Mahasiswa STEI Turut Serta dalam Tim IZZIPACK, Memenangkan Penghargaan di Korea Selatan
Dua mahasiswa ITB, Marchio Kevin Abdul Azis (Teknik Elektro 2015) dan Intan Nur Amanah (Desain Produk 2015), menorehkan prestasi bersama tim dari Chonbuk National University Korea, pada ajang Global Capstone Design Fair: Engineering Education Festival (E2Festa) 2019, pada akhir November lalu. Dalam ajang tersebut, keduanya meraih Excellence Award Winner atau setara dengan predikat Runner Up. Anggota tim lainnya adalah Kim Ju Young Ko (Chonbuk National University, Mechanical Engineering) , Jeong Gon Lee (Chonbuk National University, Mechanical Engineering),dan Ga Young (Chonbuk National University, Industrial Design).
Salah seorang anggota tim, Marchio, mengungkapkan timnya merupakan tim delegasi dari Hub of Innovation Chonbuk National University dan timnya terpilih menjadi salah satu delegasi dikarenakan pernah meraih predikat Grand Prize Award di ajang perlombaan sebelumnya, yaitu International Student Joint Capstone Design Project (i-CAPS) 2019 di Daejeon, Korea Selatan, bulan Agustus 2019.
“Awal mula kami mengikuti lomba ini, bisa dibilang kami sudah memulai persiapan panjang untuk perlombaan ini semenjak Januari 2019 ketika kami pertama kali ikut serta di i-CAPS 2019, yang merupakan lomba serupa juga,” ujar Marchio.
Menurutnya, kompetisi ini adalah sebuah lomba desain produk inovasi berbasis teknologi.

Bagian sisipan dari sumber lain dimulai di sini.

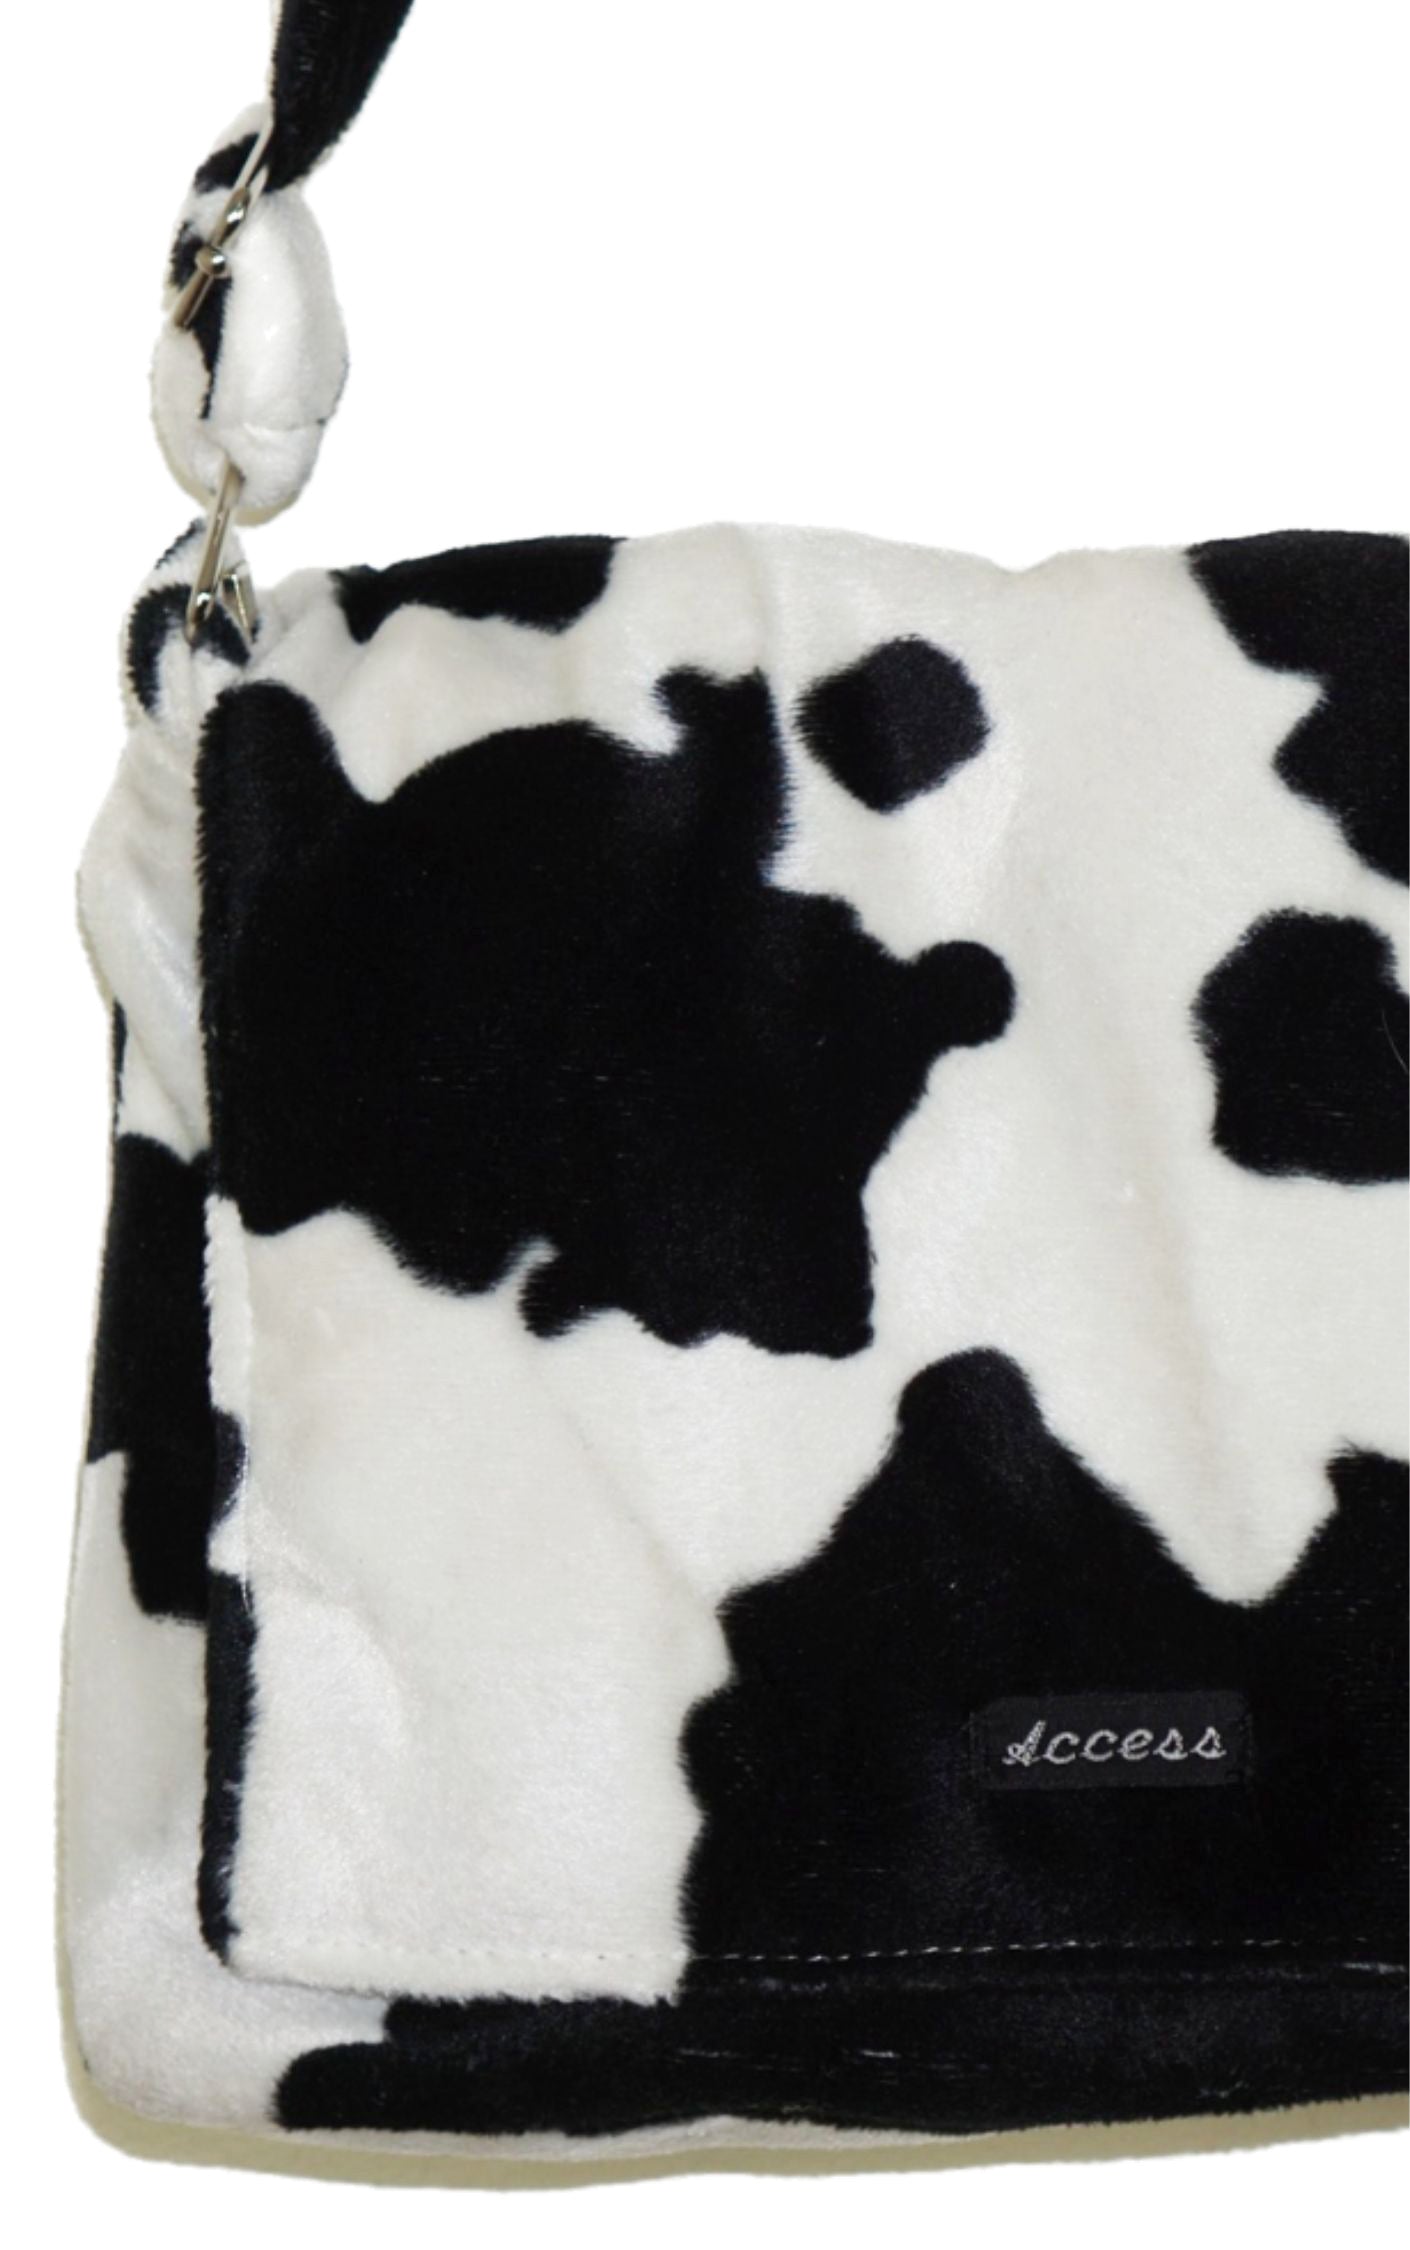 ACCESS Cow Animal Print Cross Body Bag resellum

Perbedaannya terletak di aspek multi disiplin dan multi nasional, dimana setiap tim yang tergabung berasal dari prodi yang berlainan, dan partisipan-partisipannya berasal dari negara yang berlainan pula. Misalnya saja timnya yang terdiri dari orang Indonesia dan Korea Selatan. Di kompetisi tersebut, tim Marchio menciptakan sebuah tas ransel anti copet berbasis teknologi elektromekanikal, yang dinamai IZZIPACK. Hal ini dilatar belakangi isu keamanan barang berharga ketika penggunanya bertransportasi umum, seperti di bus/kereta/MRT, terutama di jam sibuk.
Berdasarkan riset yang telah dilakukan tim, terungkap bahwa kasus pencopetan secara diam-diam lebih mungkin dan sering terjadi pada kondisi penumpang yang berdesak-desakan dibandingkan pencopetan secara paksa. Untuk itu, tas ransel yang memiliki sistem pengunci resleting, sehingga hanya pemilik ransel yang dapat membuka ransel-nya, yaitu dengan cara tap kartu/gelang RFID.

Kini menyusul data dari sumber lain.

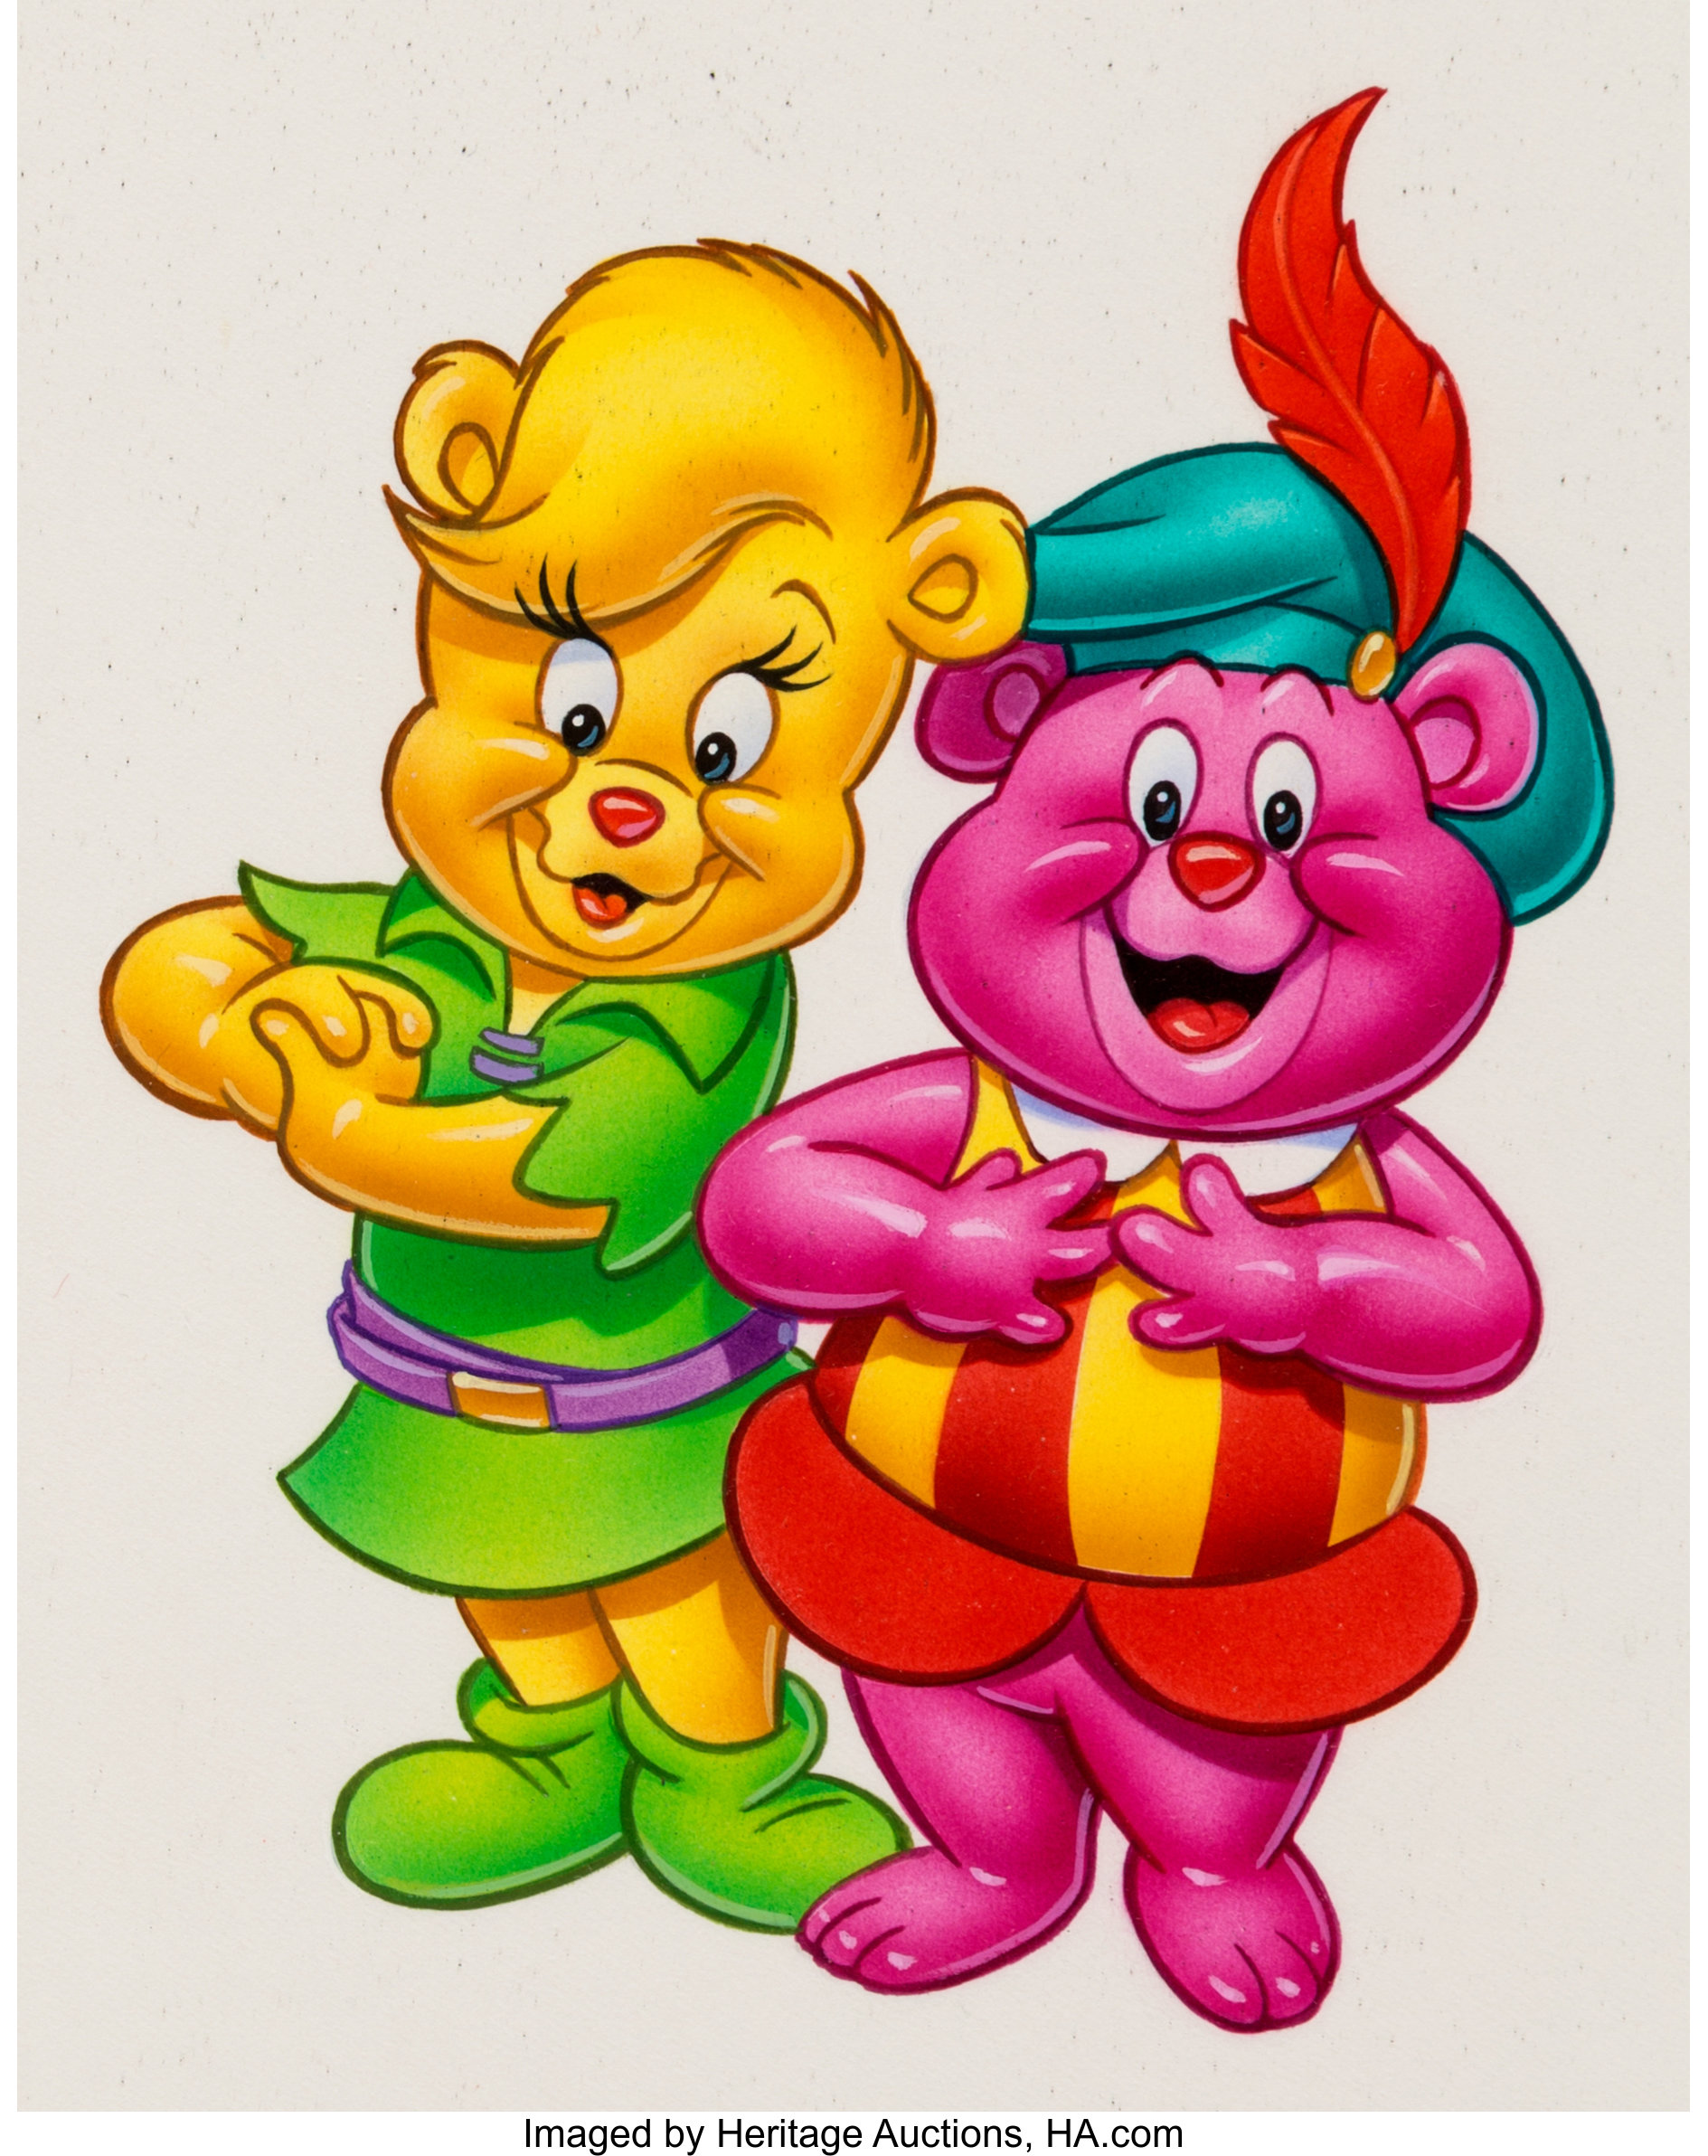 Bear cartoon images, Disney images, Gummy bears

“Kami juga mengangkat isu bahwa tas anti copet yang banyak beredar di pasaran umumnya hanya mengutamakan sisi keamanan, sehingga umumnya tas tersebut memiliki aksesibilitas yang sangat buruk. Untuk itu, sistem pengunci resleting yang kami ciptakan didesain sedemikian rupa sehingga IZZIPACK memiliki aksesibilitas yang amat baik. IZZIPACK juga terintegrasi dengan aplikasi smartphone untuk memantau sisa baterai, mengaktifkan sistem alarm, dan melacak tas yang hilang/dicuri dengan GPS tracker,” terangnya.

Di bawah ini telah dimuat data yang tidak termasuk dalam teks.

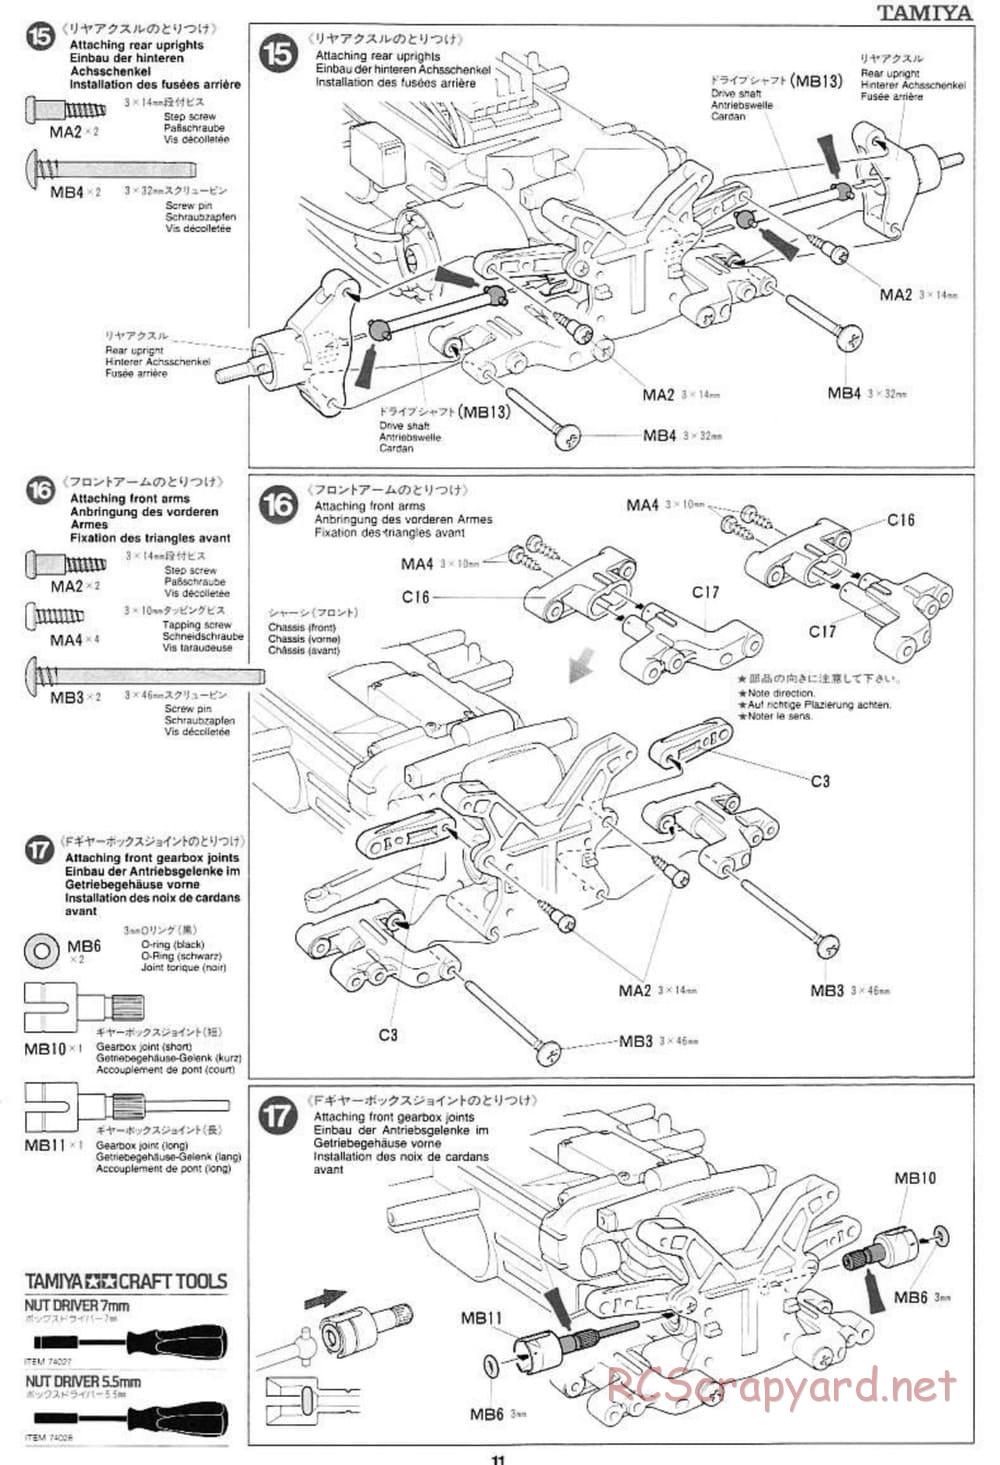 Tamiya - Subaru Impreza WRC - TL-01 Chassis - Manual - Page 11

Meski sudah meraih penghargaan, namun diakui Marchio, timnya juga menghadapi kendala teknis yang cukup banyak. Menurutnya, teknologi yang dibuat oleh timnya memang terbilang orisinil, sehingga harus sangat banyak trial and error ketika diimplementasikan. Selain itu, timnya juga cukup kesulitan saat mengintegrasikan segala komponen elektrik dan mekanik pada tas yang notabenenya berbahan kain lunak. Jadi teknologinya harus kokoh, kedap air, tahan guncangan, tapi tas juga harus tetap elastis dan ringan.
“Tapi justru tantangan terbesar lomba ini adalah di sisi multi disiplin dan multi nasionalnya. Kami harus beradaptasi untuk bekerja sama tim jangka panjang dengan anggota tim dari jurusan dan pandangan yang berbeda, dan utamanya dengan 3 anggota tim kami yang berasal dari Korea Selatan, yang pastinya banyak kendala pandangan, bahasa, dan waktu,” pungkasnya.